Audrey (Mila Kunis) begins the movie in a funk, somewhere between irritated and devastated that her most recent boyfriend has broken up with her via text. Her best friend Morgan (Kate McKinnon) supports her with obsessive zeal. She’s such a ride-or-die tagalong that when Audrey’s ex turns out to be a CIA operative, hastily instructing her to hand off a MacGuffin before he’s shot to death, Morgan insists that jetting off to Vienna makes perfect sense. 

The movie stays cheerfully and amusingly on Morgan’s wavelength, as it doles out action violence with some slapstick timing, and the leads do their best to react and riff. Most buddy comedies are really mismatched-buddy comedies, constructing comic duos out of deep, bickering-friendly contrasts. But Never Goin’ Back and The Spy Who Dumped Me both do something less common; they’re buddy comedies about real soulmates. Fogel’s movie is a little more nonsensical about it, in keeping with the tendency of McKinnon characters (like some Melissa McCarthy and Zach Galifianakis characters) to bundle together quirks and wacky improvisations. But Fogel’s skill with throwaway dialogue sells the sillier stuff (as does McKinnon; there’s a reason she gets away with such caricatures). In the movie’s best scene, the amateur spy duo is captured and tortured for information, and instead of offering anything useful, they trade off revelations of each other’s weirdest, darkest secrets. Of course, Morgan reveals Audrey’s, and vice versa; they’re best friends, they know everything about each other. 

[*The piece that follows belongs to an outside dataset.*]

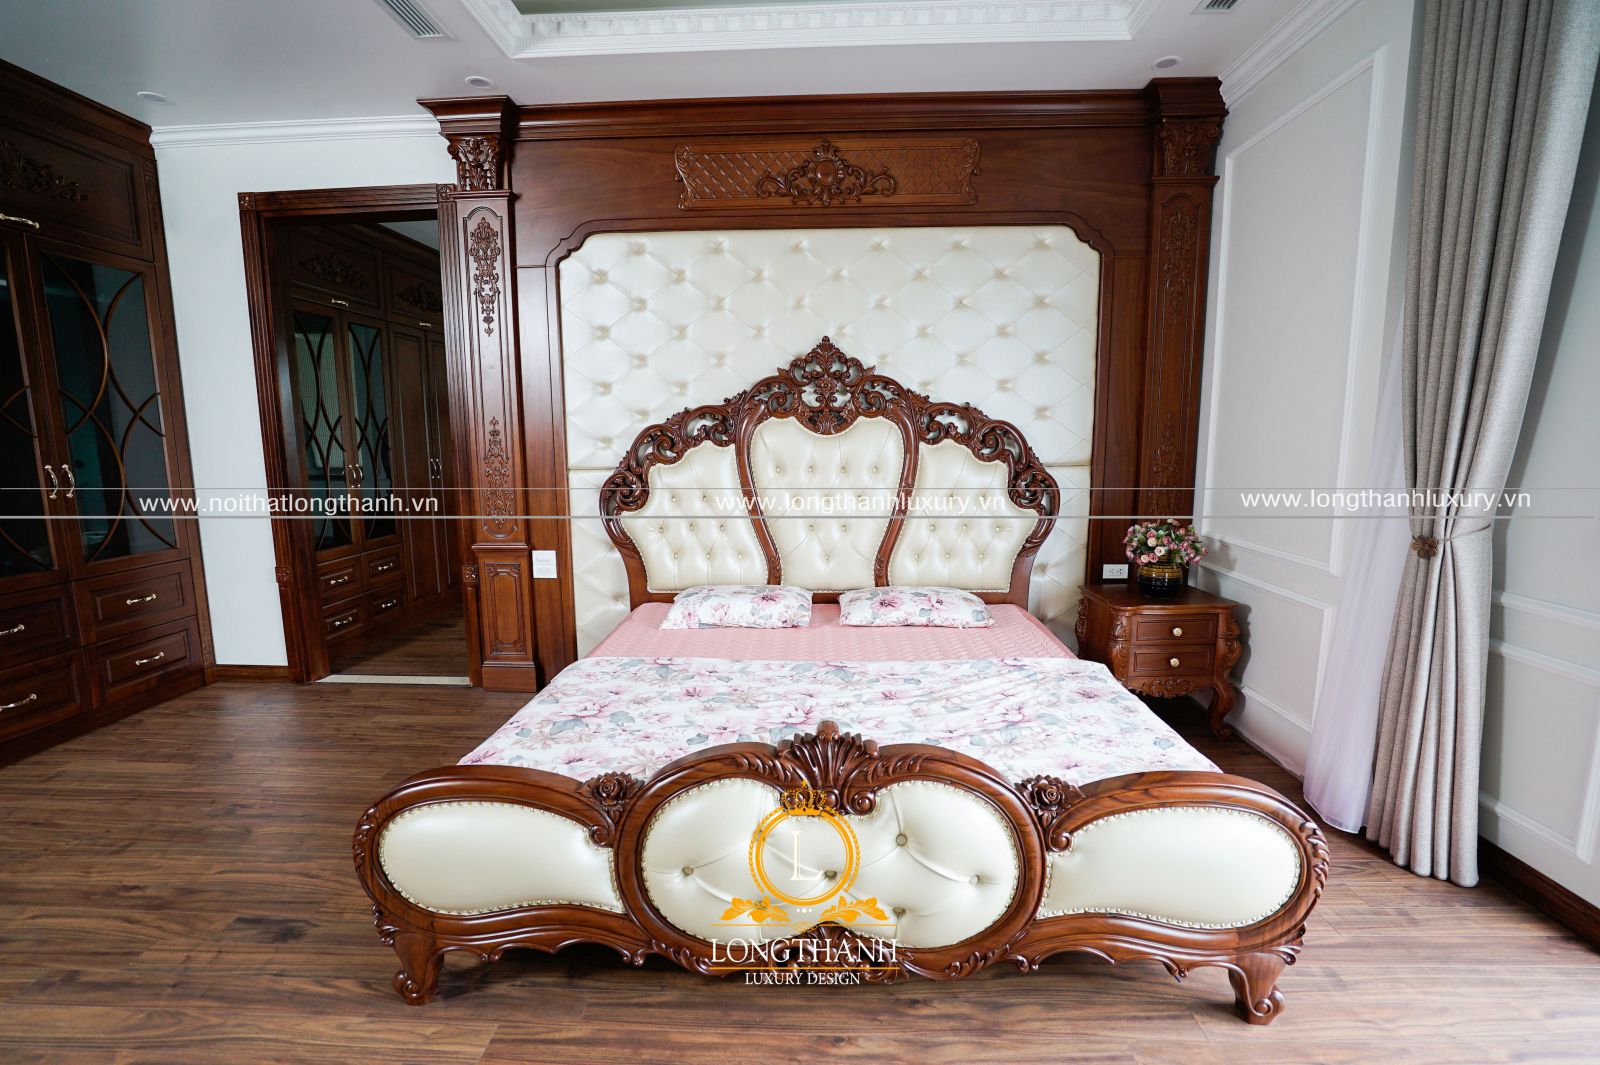 Giường ngủ tân cổ điển được thiết kế mới nhất

Screenwriting gurus would probably insist that the heroines of these movies have more conflict with each other—that they separate or have a big fight at an act-break or something. In absence of that formula, Fogel does have some trouble paying off either the comedy or the violence; like so many James Bond pictures, there’s one country-hop too many, with a protracted yet weirdly unspectacular final 20 minutes that drag the movie close to the two-hour mark. But a little action-comedy meandering isn’t a terrible price to pay for the warmth of Fogel’s affection for her characters, just as Never Goin’ Back is more than worth sitting through some bad CG puke. Indeed, Spy Who Dumped Me’s surprisingly high body count and Back’s supporting dirtbags both make a similarly bold point about their leading ladies, half-bleak and half-heartwarming: Ultimately, everyone outside of their relationships is just another piece of detritus.